*** Supplied information ***
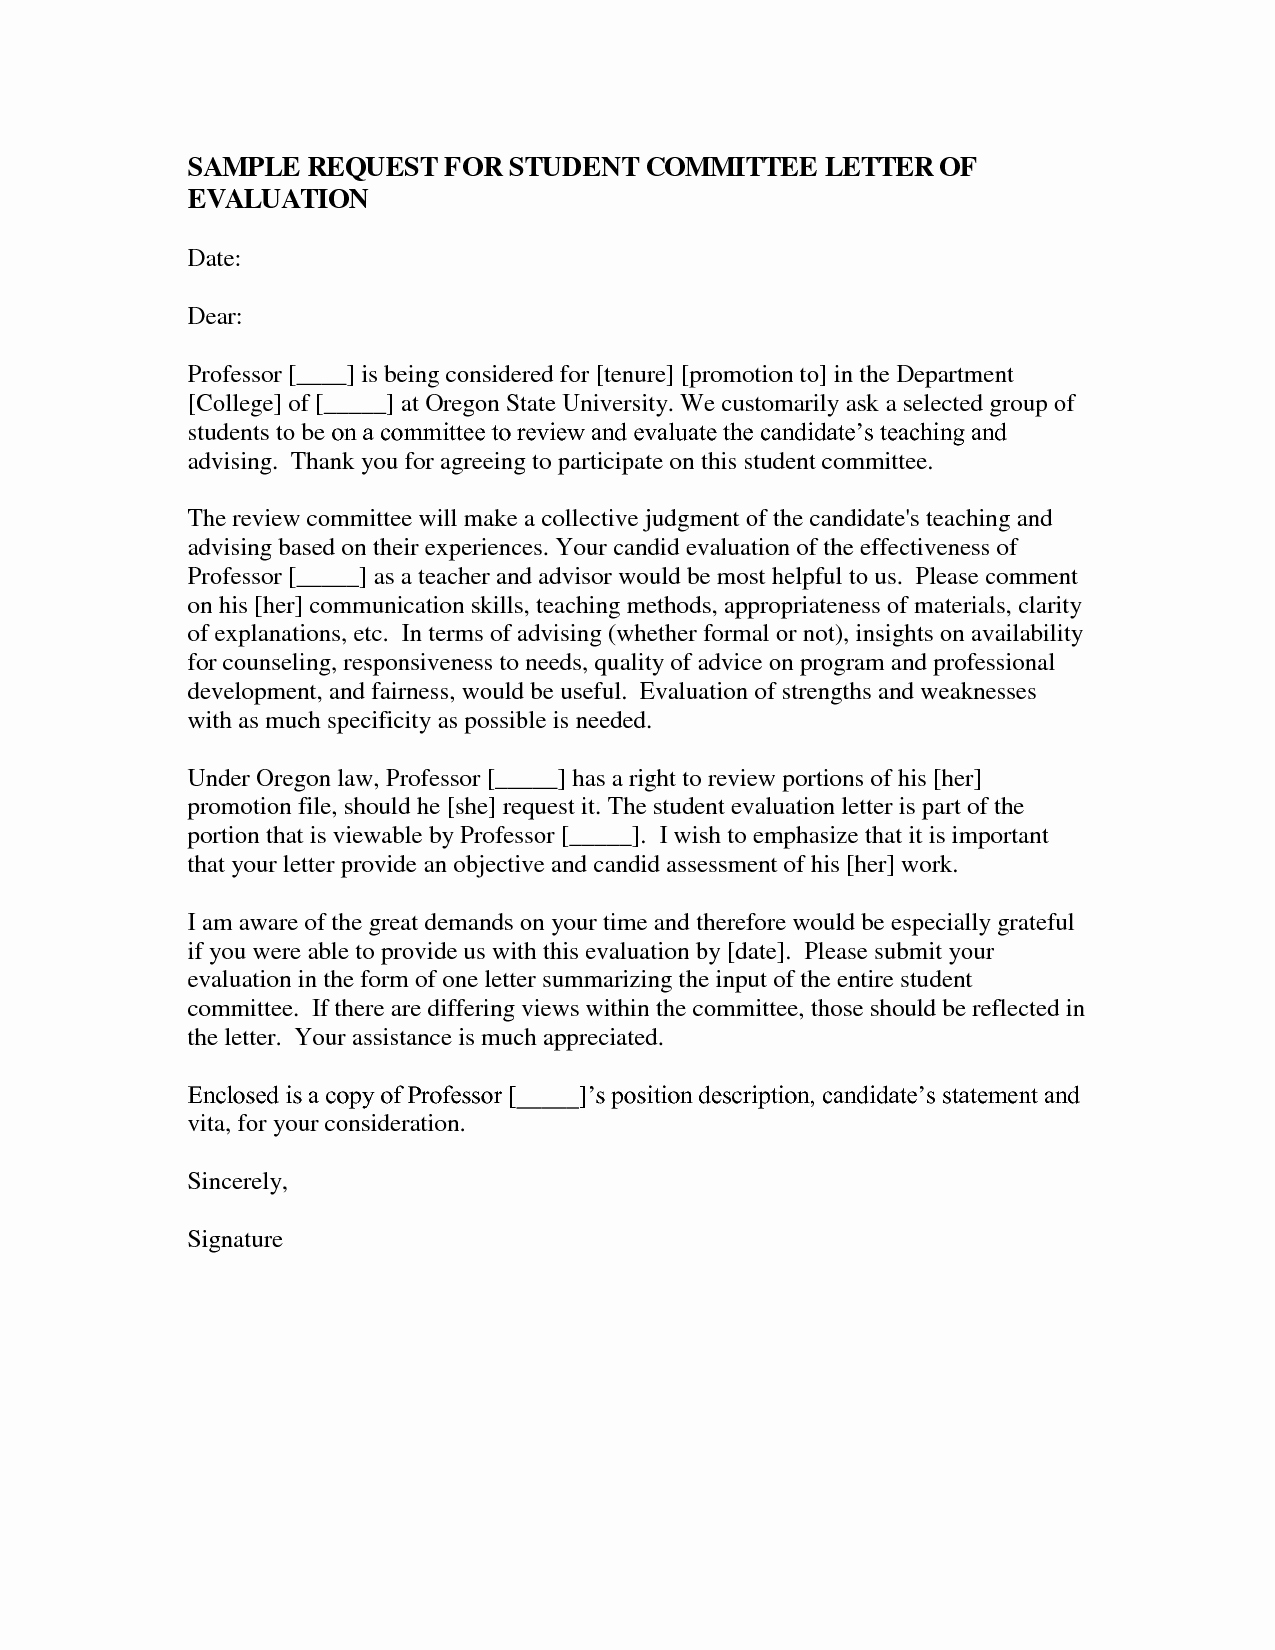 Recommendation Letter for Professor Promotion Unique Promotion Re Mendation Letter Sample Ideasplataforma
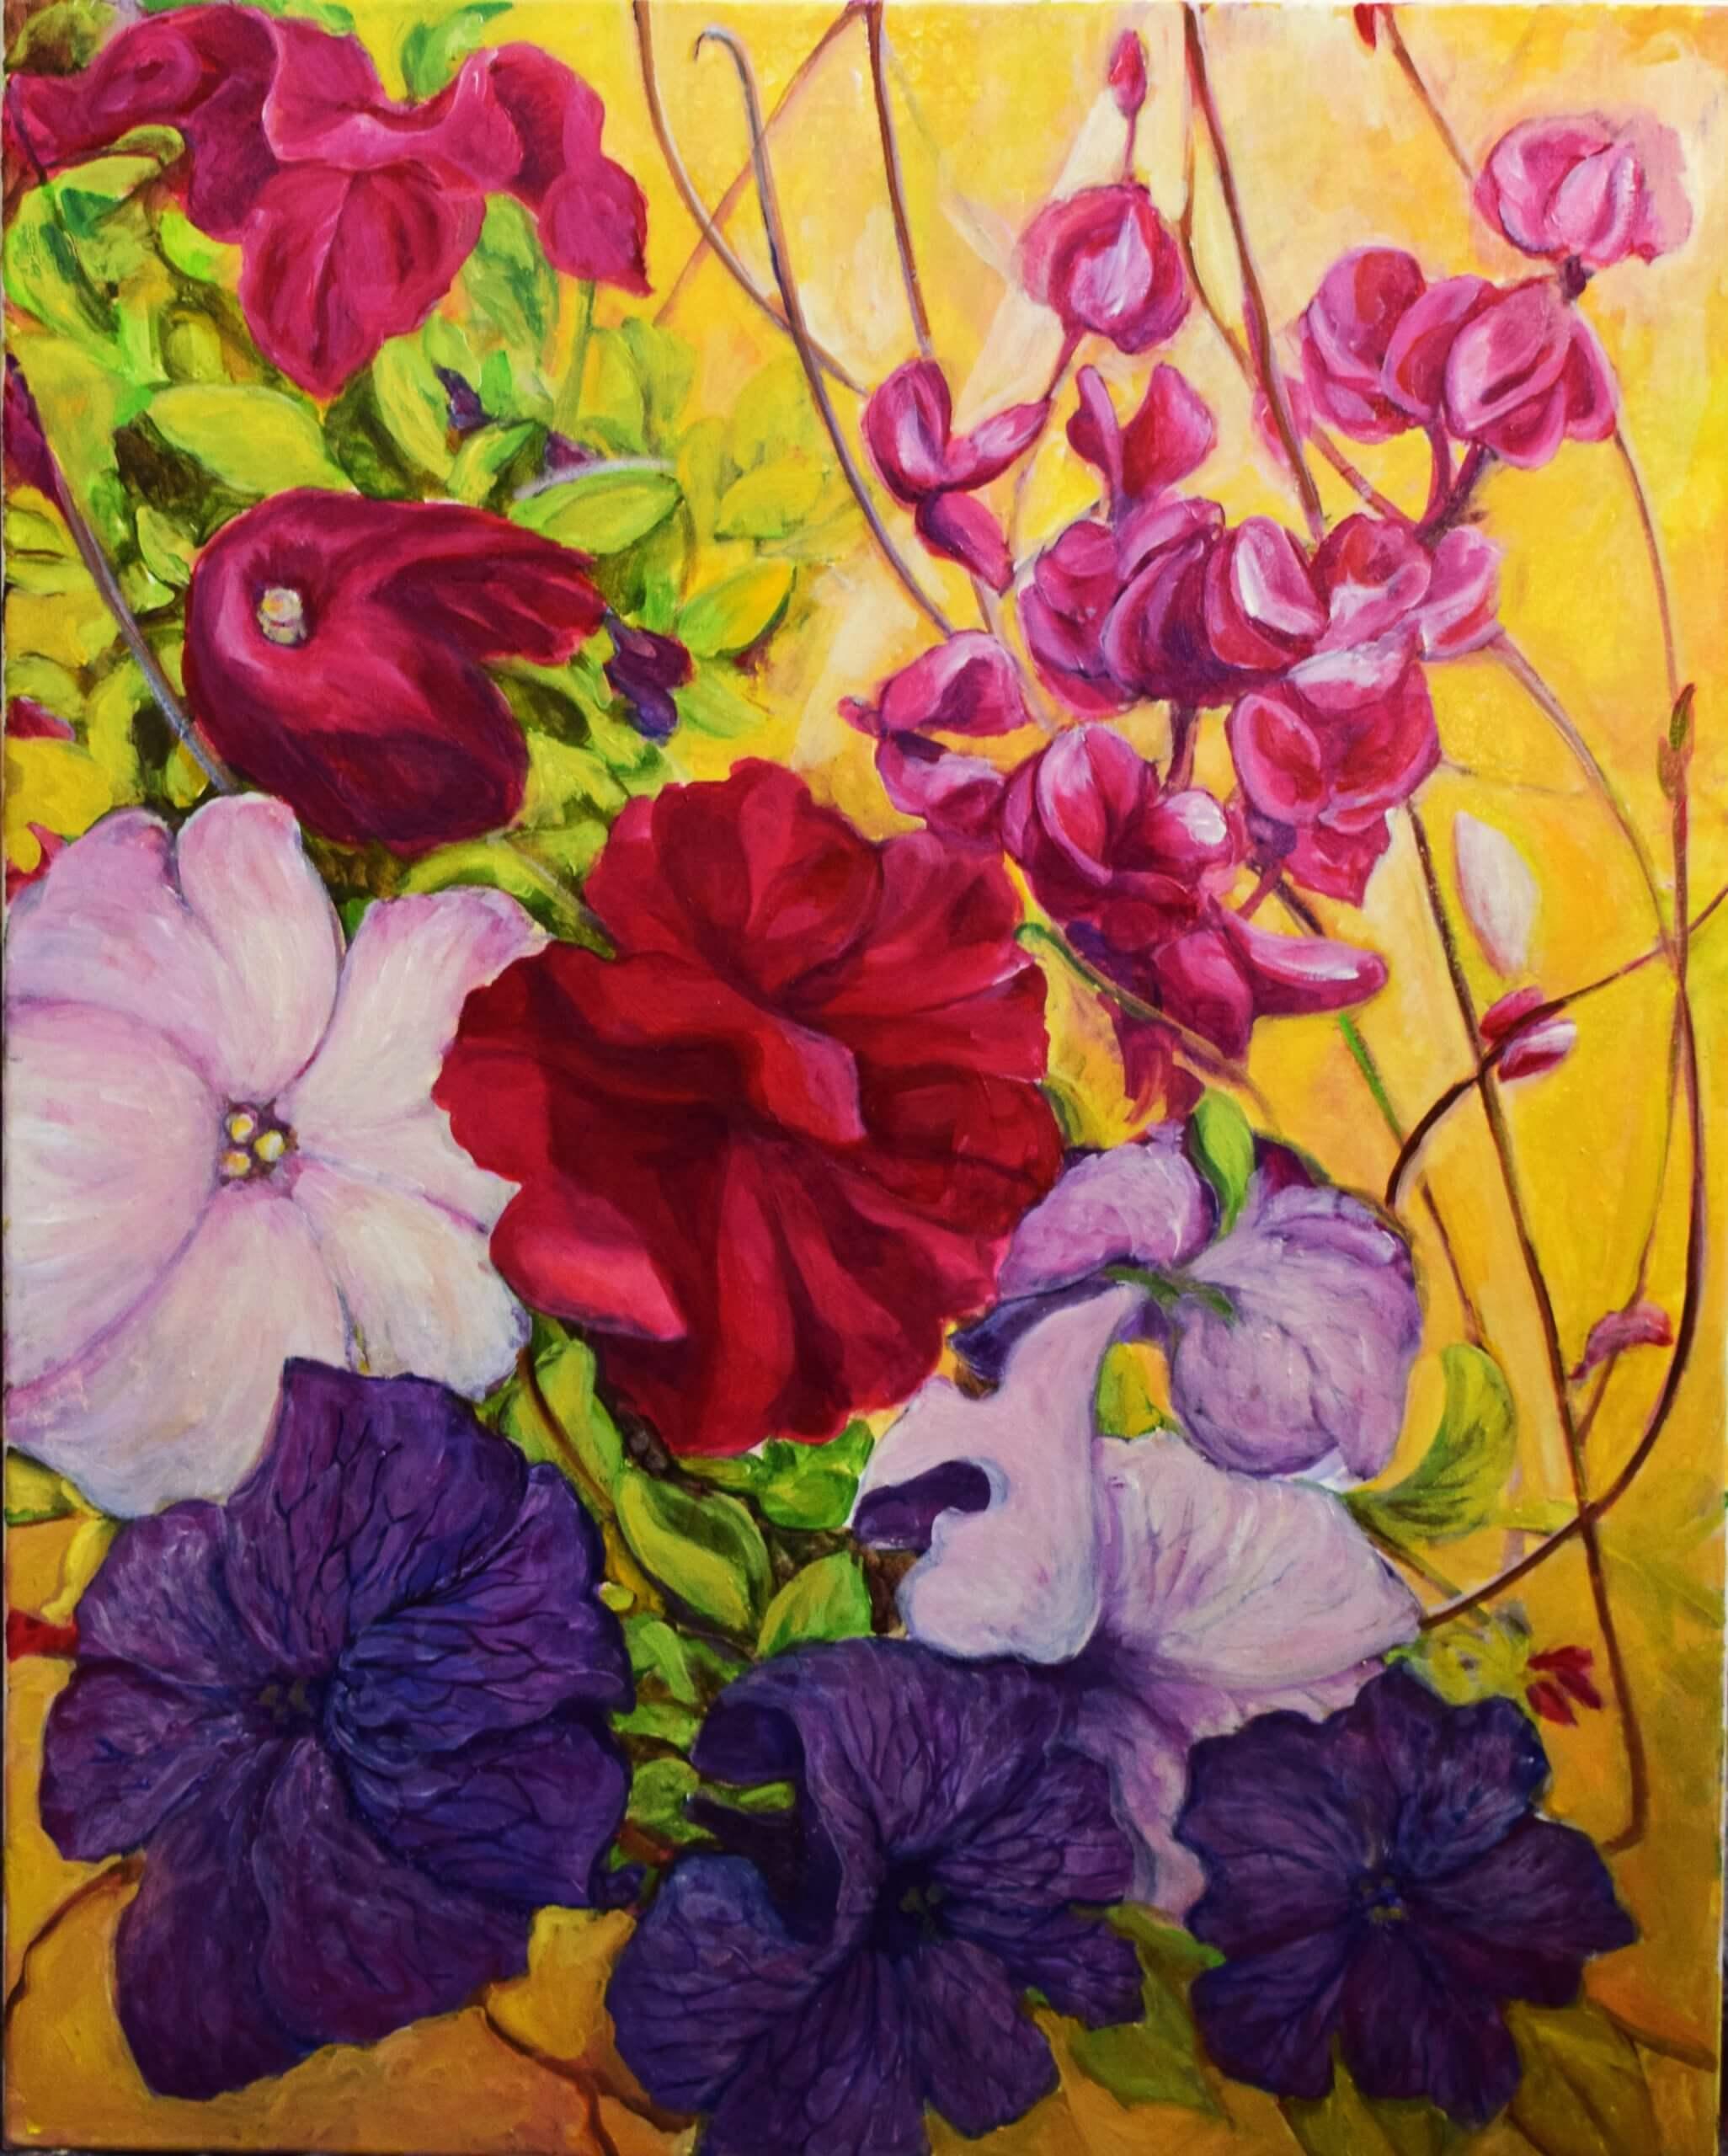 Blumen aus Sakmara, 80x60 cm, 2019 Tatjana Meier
*** End of Supplied information ***
*** Supplied information ***
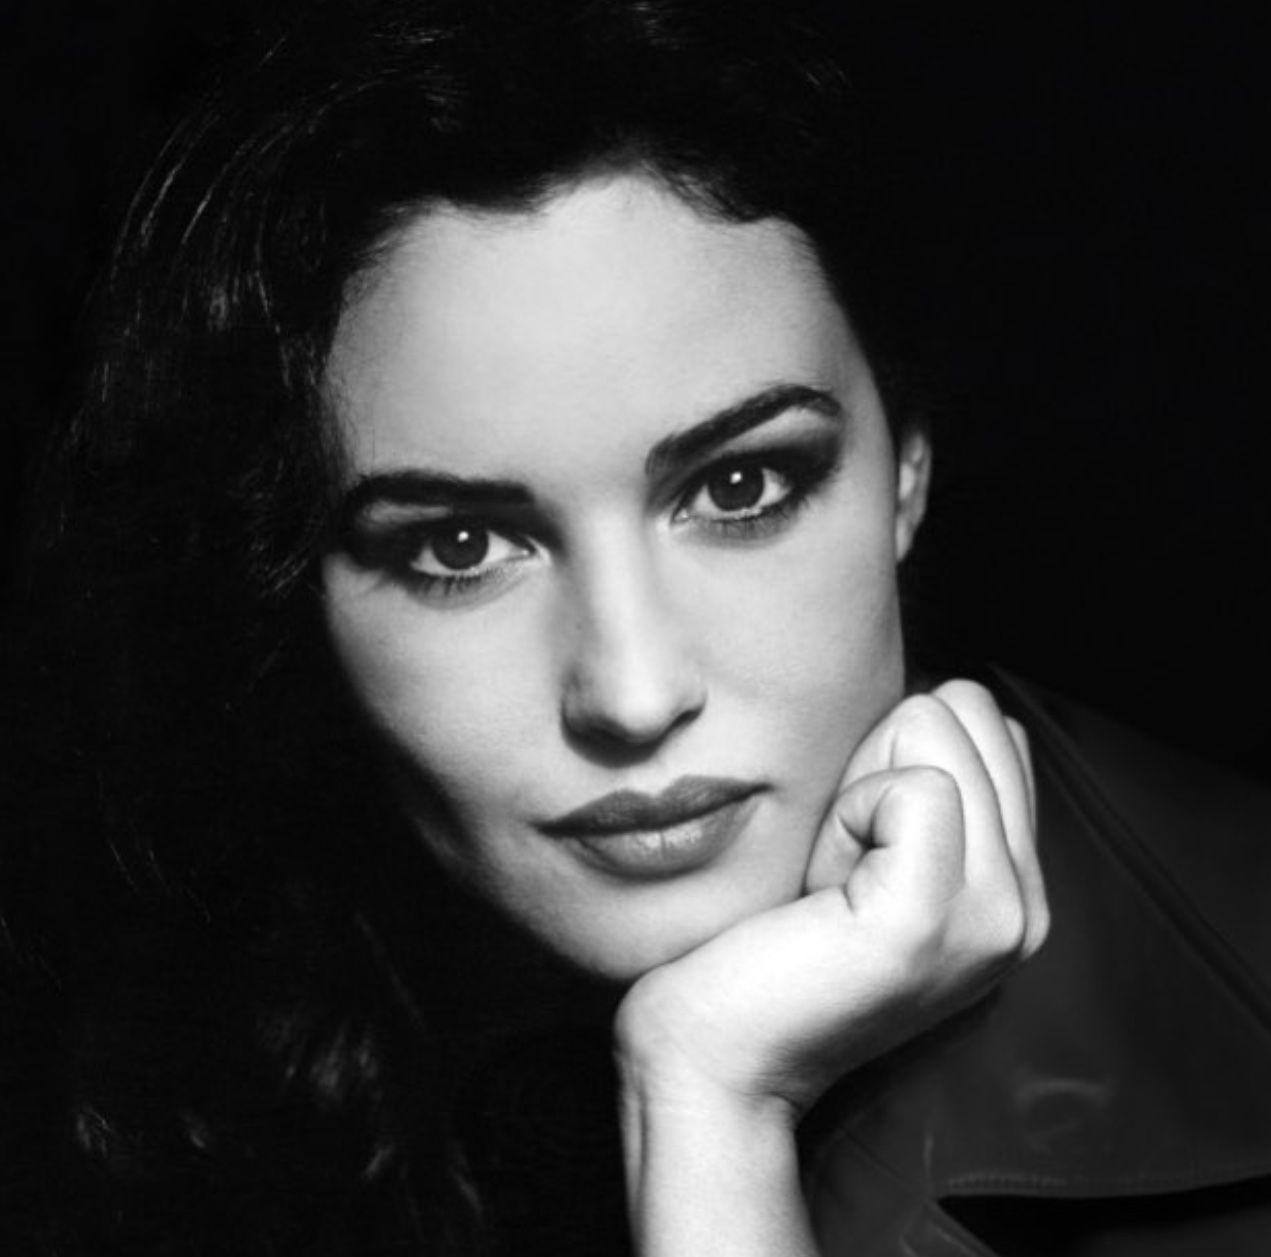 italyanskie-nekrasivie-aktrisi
*** End of Supplied information ***
*** Supplied information ***
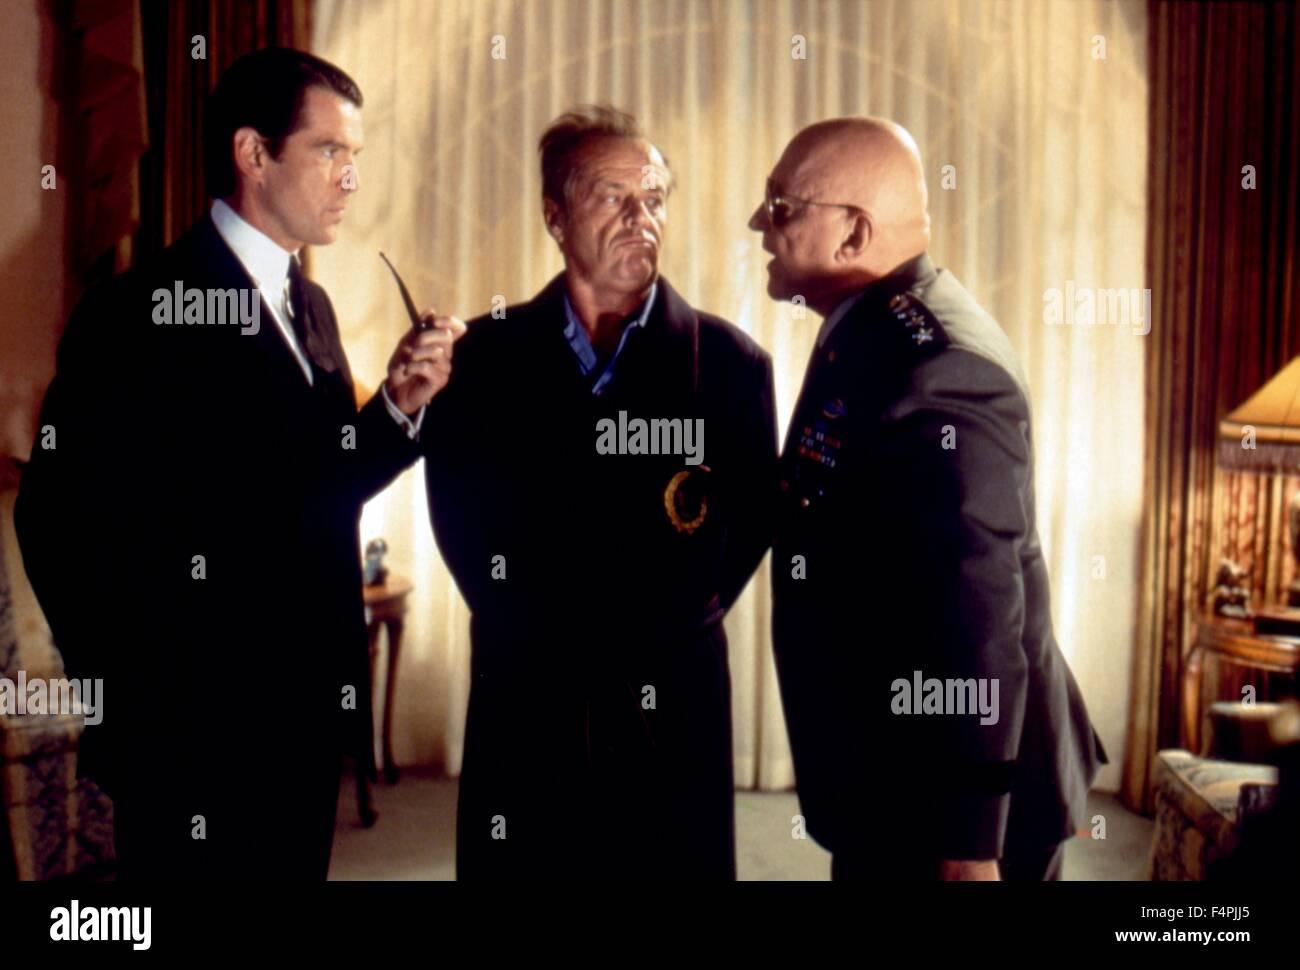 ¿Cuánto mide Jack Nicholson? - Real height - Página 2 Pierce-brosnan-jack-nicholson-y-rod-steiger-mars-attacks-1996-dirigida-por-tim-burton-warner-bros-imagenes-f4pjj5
*** End of Supplied information ***
Your task
For this exercise, please set down exactly the lines of the listing above from the line with "Recommendation Letter for" up to and including the line with "Blumen aus Sakmara, 80x60", and no pictures.

Exercise solution
 Recommendation Letter for Professor Promotion Unique Promotion Re Mendation Letter Sample Ideasplataforma
 Blumen aus Sakmara, 80x60 cm, 2019 Tatjana Meier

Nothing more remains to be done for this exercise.